Since xml files are just ascii text, any text editor will do. If you are already familiar with emacs it is preferred because of the psgml package which has an xml mode. It is already installed on the central SLAC unix system though you probably will have to modify your .emacs file to gain access to it. For other systems you can download and build psgml yourself.
There also exist much more complicated (and sometimes expensive) packages to help you edit your XML. See Robin Cover's site for the latest information. (Scroll down to the section "XML Dcoument Editing...")

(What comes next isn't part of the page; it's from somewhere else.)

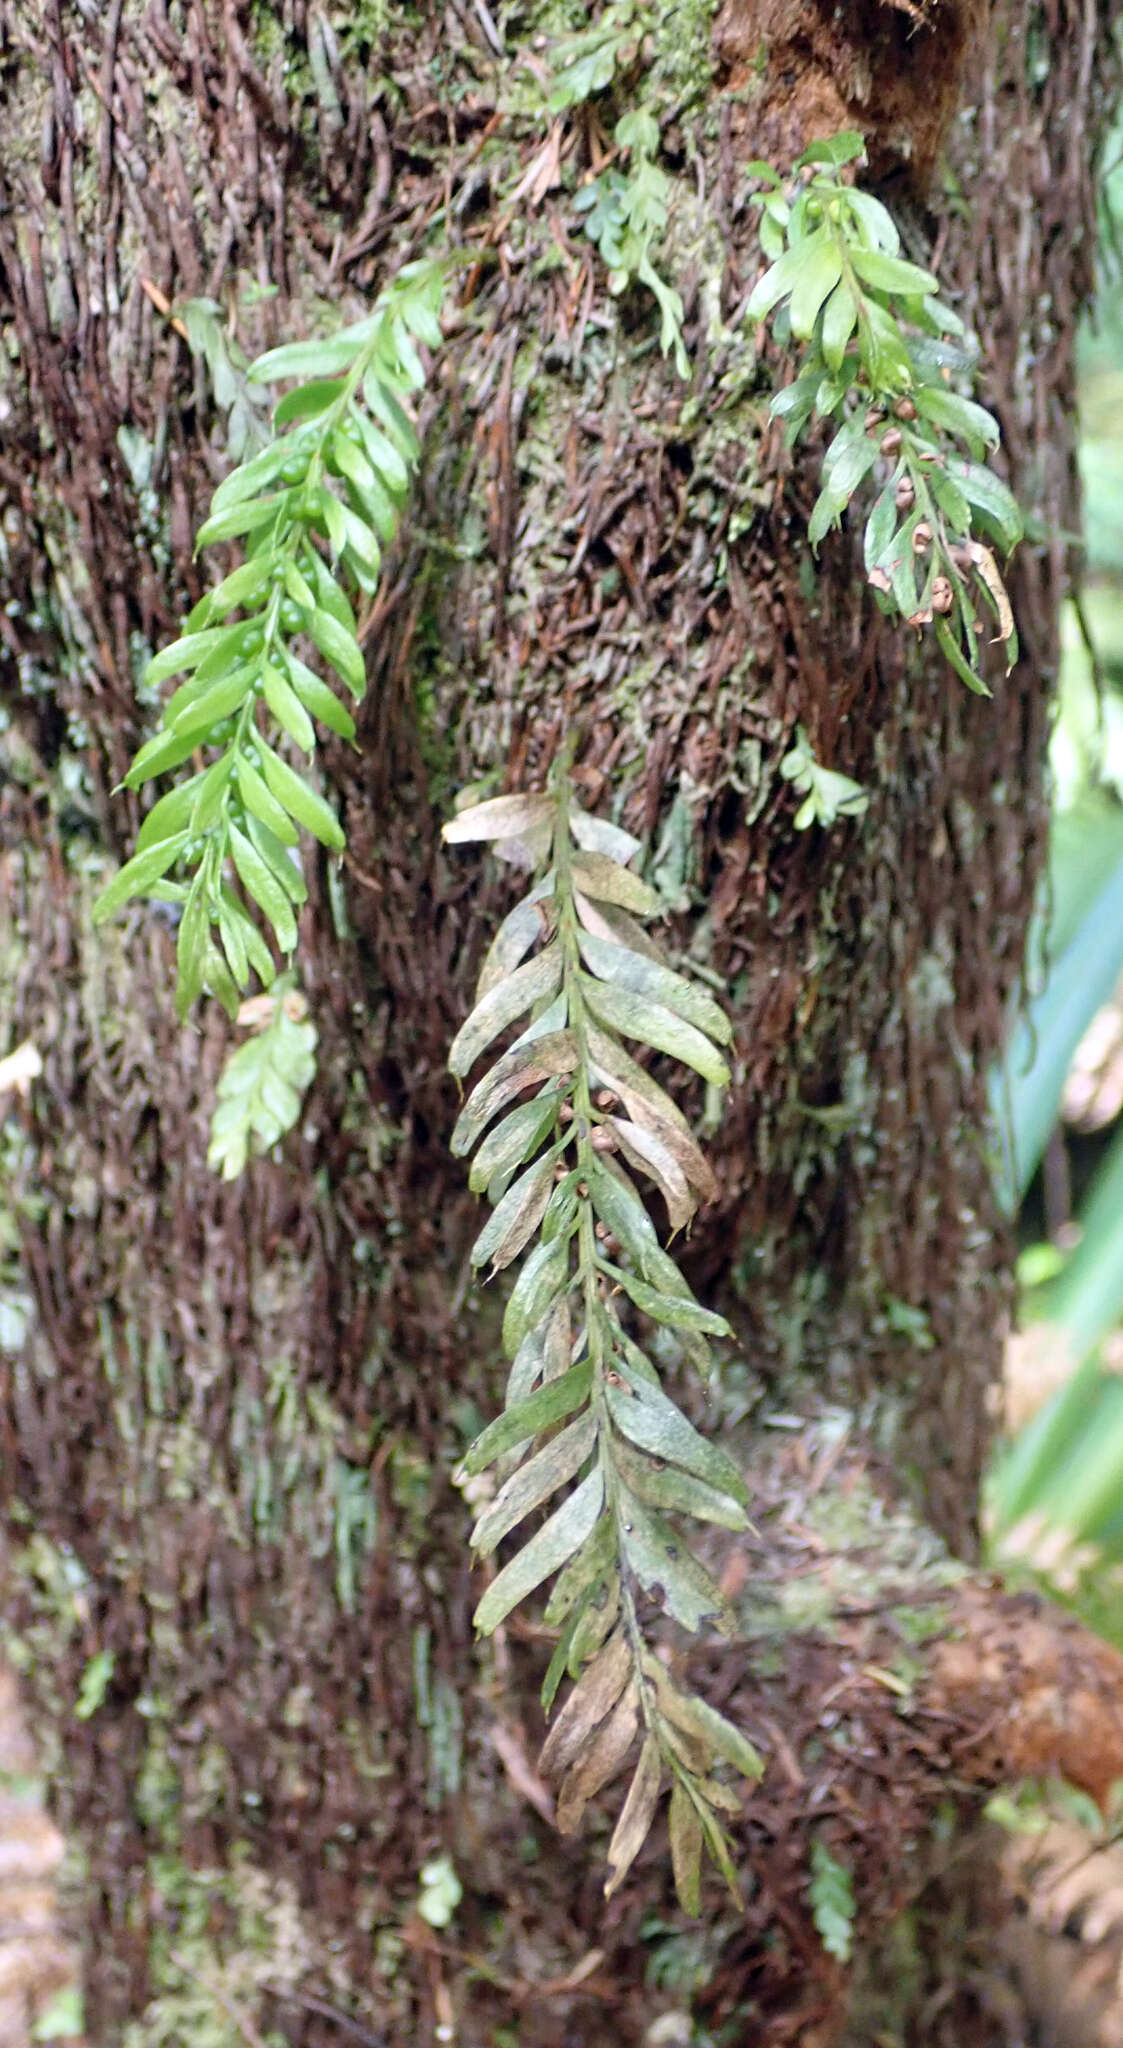 Image of Tmesipteris sigmatifolia Chinnock

| a. Syntax reminders | b. Outermost file | c. Including files | d. Materials |
| e. Simple solids | f. Positioning volumes | g. Id fields | h. Global coordinates |
NOTE: Please read this section and the following section on conventions through completely before attempting to actually write any XML.

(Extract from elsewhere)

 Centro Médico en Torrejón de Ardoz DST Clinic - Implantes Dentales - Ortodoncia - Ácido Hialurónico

The top file for each instrument description will have essentially the same form: a certain amount of boilerplate XML stuff, including a reference to our DTD, a list of entity definitions, followed by references to some or all of the entities defined. Physical files corresponding to the entities references will be included in the XML document. Here is most of a typical top file, the one for the flight instrument. Only some of the entity definitions have been omitted.
<?xml version="1.0" ?>
<!-- $Header: /nfs/slac/g/glast/ground/cvs/xmlUtil/xml/flight.xml,v 1.17 2002/01/29 21:40:19
jrb Exp $ -->
<!DOCTYPE gdd SYSTEM "../gdd.dtd"
[
<!-- Define entities for included files -->
<!ENTITY globalMatPrim SYSTEM "flightGlobalMatPrim.xml">
<!ENTITY globalCountPrim SYSTEM "flightGlobalCountPrim.xml">
<!ENTITY globalDimPrim SYSTEM "flightGlobalDimPrim.xml">
<!ENTITY CALMatPrim SYSTEM "flightCALMatPrim.xml">
<!ENTITY CALCountPrim SYSTEM "flightCALCountPrim.xml">
<!ENTITY CALDimPrim SYSTEM "flightCALDimPrim.xml">
.
.
<!ENTITY NADDimPrim SYSTEM "flightNADDimPrim.xml">
<!ENTITY NADGeo SYSTEM "flightNADGeo.xml">
<!ENTITY Trigger SYSTEM "flightTrigger.xml">
<!ENTITY Derived SYSTEM "flightDerivedConstants.xml">
<!ENTITY Primary SYSTEM "flightPrimaryConstants.xml">
<!ENTITY idDict SYSTEM "flightIdDict.xml">
<!ENTITY Materials SYSTEM "../materials.xml">
]
>
<gdd CVSid="$Id: flight.xml,v 1.1.1.1 2002/03/04 22:09:35 jrb Exp $"
DTDversion="2.0" >
<constants>
<version major="0" minor="0" />
&Primary;
&Derived;
</constants>
&Materials;
&idDict;
§ion;
</gdd>
The entity definitions above effectively give symbolic names to physical files. As in this example, the symbolic names should be generic, but file names should start with the name of the instrument in those cases (practically all) where the content of the file is specific to a particular instrument. For example, all instrument descriptions will require derived constants. The entity should have symbolic name Primary and the physical file will be named something like instrnamePrimary.xml When possible stick to the entity names now in use in flight.xml.
To include a file mentioned in an entity definition, simply use its symbolic name with the appropriate syntax: precede with ampersand (&) and follow with semi-colon (;) like this:
&Primary;
This is one place where we might be able to get away with a single physical file to be used for all instruments. If this file (currently flightMaterials.xml, but name will change if it is to be used as a universal materials file) does not have a material you need, you'll have to talk to the Core group about getting it added.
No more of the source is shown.